From another point of view, it was reported that nestin+ BM-MSCs were involved in supporting CD34+ HSCs in the BM (18). This report also showed that suppression of the number of HSCs and inhibition of the migration of HSCs into the BM occurred following the conditional knockout of nestin+ cells in the BM. On the other hand, our present study showed that DPSCs have the potential to support CD34+ and CD34- HSCs in vitro. The real time RT-PCR analysis showed that the expression level of Nestin in DPSCs was comparatively higher than that in BM-MSCs. However, the 18Lin-CD34+ and 18Lin-CD34- cells cocultured with DPSCs showed comparable SRC activity to those cocultured with BM-MSCs. These observations suggested that the nestin gene expression alone cannot predict the HSC-supportive activity of DPSCs. Further studies will be required to clarify the molecular mechanisms involved in the HSC-supporting activity of DPSCs.
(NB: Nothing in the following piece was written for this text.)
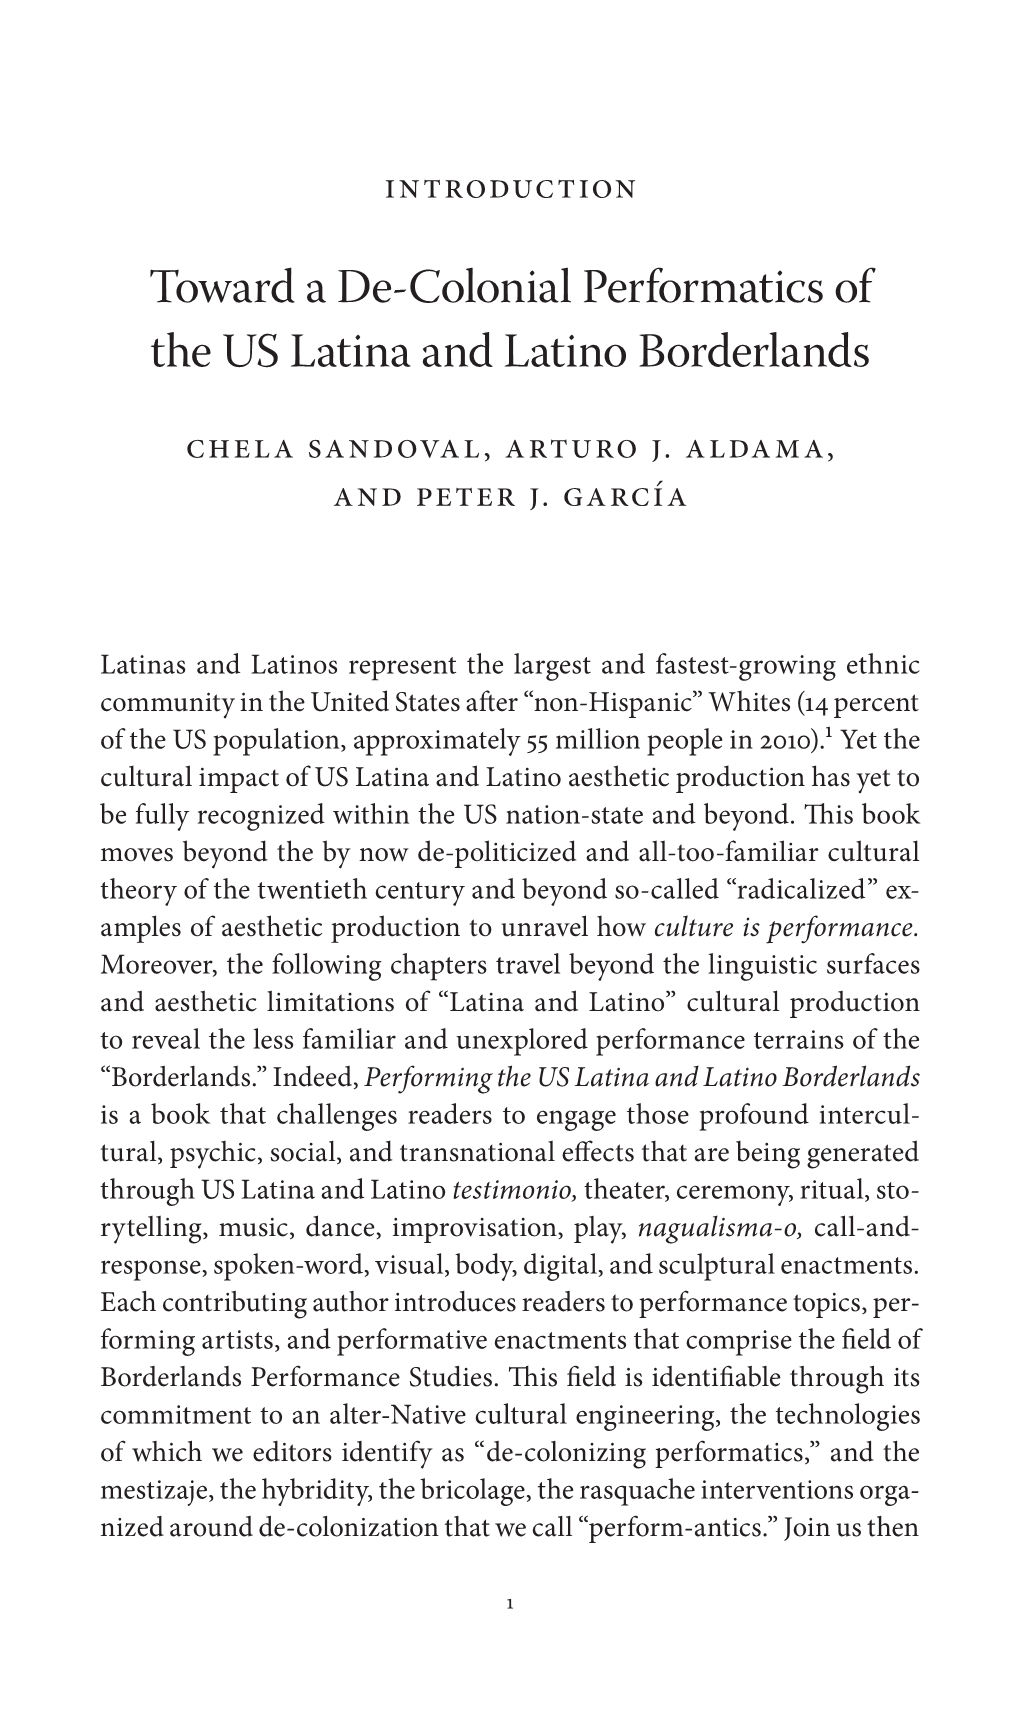 Toward a De-Colonial Performatics of the US Latina and Latino Borderlands

In this study, we succeeded in prospectively isolating DPSCs from mouse incisors using BM-MSC markers, such as PDGFRα and Sca-1. Besides mouse incisors, human extracted teeth have been suggested to also be a source of stem or progenitor cells. Many studies have so far reported the existence of human dental tissue-derived stem cells, such as human DPSCs (5), stem cells from human exfoliated deciduous teeth (SHED) (20), periodontal ligament stem cells (36), stem cells from the apical papilla (SCAP) (37,38), dental follicle progenitor cells (23), and tooth germ progenitor cells (TGPCs) (6). These reported human dental tissue-derived stem/progenitor cells have similarities to mouse DPSCs and mouse/human BM-MSCs. Collectively, these observations suggest that human DPSCs and other human dental tissue-derived stem cells can support human HSCs. In summary, this study demonstrated, for the first time, that prospectively isolated PDGFRα and Sca-1 double-positive DPSCs can support human CB-derived primitive CD34+ and CD34- HSCs in vitro.
Footnotes
Acknowledgment
This work was supported by Grants-in-Aid for Young Scientists B (Grant Nos. 21791958 and 23792304) and Scientific Research C (Grant Nos. 21591251 and 24591432) from the Ministry of Education, Culture, Sports, Science and Technology (MEXT) of Japan; a grant from the Science Frontier Program of the MEXT; a grant from the Strategic Research Base Development program for Private Universities from the MEXT; MEXT-Supported Program for the Strategic Research Foundation at Private Universities; a grant from the Promotion and Mutual Aid Corporation for Private Schools of Japan; a grant from the Japan Leukemia Research Foundation; a grant from the Mitsubishi Pharma Research Foundation; a grant from the Takeda Science Foundation; a grant from the Terumo Life Science Foundation; and a grant from SENSHIN Medical Research Foundation. A grant for Young Scientists B was given to R.N., and all other grants were awarded to Y.S. We are grateful to the Japanese Red Cross Kinki Cord Blood Bank for providing the samples used in this study. Kyowa Kirin Company (Tokyo, Japan) is also acknowledged for providing the various growth factors used in this study. The authors declare no conflicts of interest.